The Pros and Cons of Having a Short-Term Loan as a Student

One of the biggest challenges most students face today is balancing between finances and studies. If you are enrolled in a college or planning to do so, you must not only be focused on your studies but have to find a source of income to cater for your tuition fees, accommodation, and other essentials. For many students, they may not have a reliable source of income and that’s where a loan over short time comes in handy.

It’s very common for students to take short-term loans. So, if you are considering applying for one, know that you are not alone. In most colleges, especially if you are studying a competitive course, the tuition fees can be quite high. And even if you do receive a formal student loan, it may not be enough to pay for significant expenses such as rent or purchase of equipment for school projects.

During such instances, a short-term loan can provide you with fast cash. For students, a short-term loan offers many advantages, but it also has its drawbacks. Before applying for a loan, you must weigh the pros and cons so that you can make an informed decision.

The Pros

  1. Students with short term loans can afford college

Making ends meet as a student is not easy. However, short-term loans can be of immense help whenever you are in a fix. Are you late on paying your monthly rent? Do you still have some tuition balance to clear and the semester is almost over? Thanks to short-term loans, you can afford to be in college.

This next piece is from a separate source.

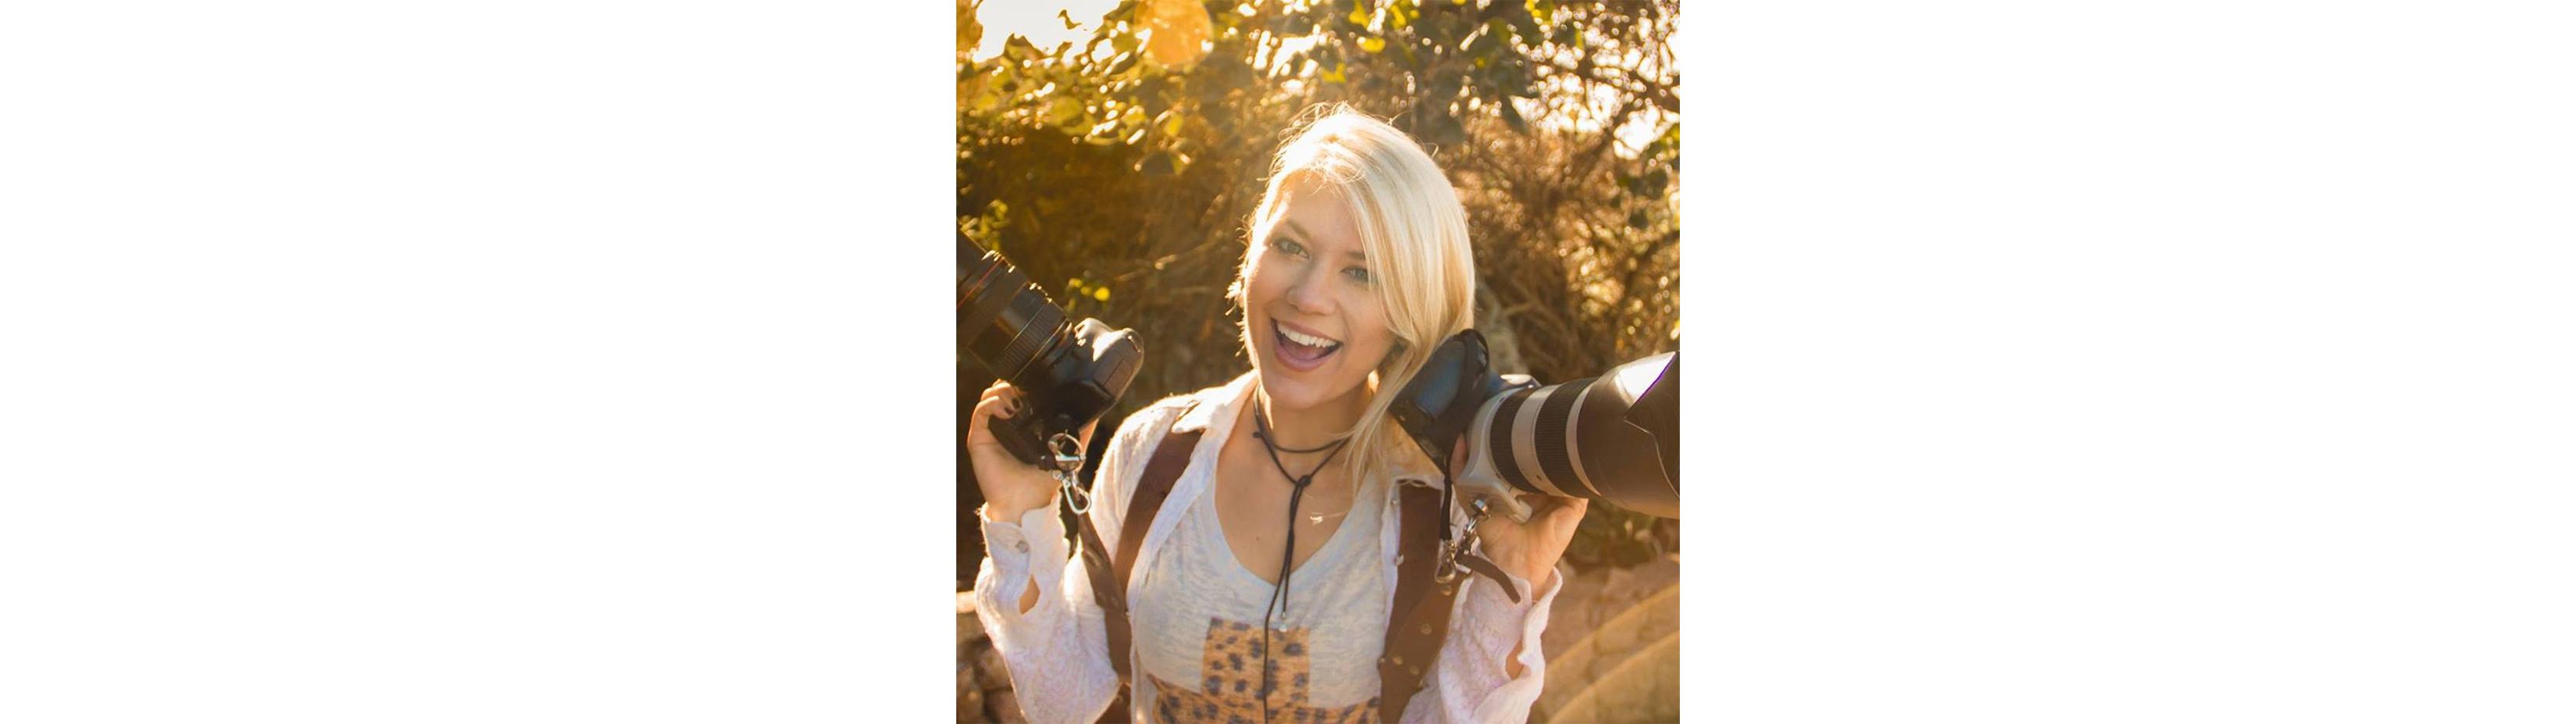 Sobre isis lacombe fotografia e filmagem

Whenever you meet a mandatory expense that you can’t afford at the moment. You can rely on short-term loans to help you cover that expense and you can continue with your studies. As a student, it is crucial that you identify needs worth taking a loan for. Do not take a short-term loan to pay for minor expenses such as food or transport. You can work part-time and use that money for such expenses.

  1. You can study, not only in every university but in your dream university

Even though the courses offered in every university are the same, some universities have more credibility than others. When you study in a recognized college, this can really pay off later when you are seeking employment. Because most companies will consider your application.

If you are planning on studying a certain course, your dream university isn’t only well-known, but it’s probably ranked as amongst the ones that produce the best students in your field of interest. The problem with the so-called dream universities is that they have higher tuition fees than their average counterparts.

As a student, you may have money for ordinary colleges. But with a short-term loan, you can top up the extra money and be able to afford not just every university, but your dream university. As a result, you can accomplish your dream of studying what you want in your preferred university.

  1. You will pay the loan faster and any revenue generated after graduating will go directly into your pockets

This is one advantage that you can’t get from student loans and long-term loans. Short-term loans usually have a repayment period of one or two years. With such a short repayment duration, in the future, you won’t be burdened by loans you took when you were studying. All the salary you will be getting from your job will go directly into your pockets. And this will give you a lot of financial freedom, which most people do not have nowadays.

The Cons

  1. Short term loans can be expensive

The short repayment duration associated with this type of loan can be a blessing and a curse. As a blessing, we talked about how you can pay it faster and enjoy all revenue generated after graduation. It can also be a curse because the more you take, the more premiums you will have to pay in a short time.

With short-term loans, never bite more than you can chew. If you take a loan that you can’t afford, the monthly premiums will be very expensive for you to pay off. Considering that you are still a student and have expenses to pay for, adding expensive monthly loan repayments can drastically affect your financial life.

  1. Defaulting on your student loans can tank your credit score

If you pay off your short-term loan in time, your credit score will benefit the most as it will increase significantly. However, if you default, you will lower your credit score. And graduating with a bad credit score isn’t a good way to start life as an adult.

Life after college isn’t always a smooth ride, and you may need to get some financial aid from time to time. A bad credit score exposes you to abnormal interest rates and strict borrowing terms. A word of advice, before taking a short-term loan as a student, evaluate your ability to repay the loan in time.

  1. You will have to work while studying

To help with paying off your short-term loan, you must get a part-time job. Even though this is something most students usually do, in the case of one with a loan to pay, it is mandatory that they earn as much money as they can. So that they can repay their loan in time.

Please note that being a working student isn’t easy. You will have to balance between work and studies. At times, you may have a double shift in the evening and have classes or assignments that need to be done. You, therefore, need to be disciplined.

The Bottom Line

For many students, short-term loans can offer financial relief in situations when they need money for tuition, accommodation, or other school-related projects. However, they also have certain risks. If you are a student considering taking a short-term loan, you need to be aware of the pros and cons so that you can decide on the right course of action.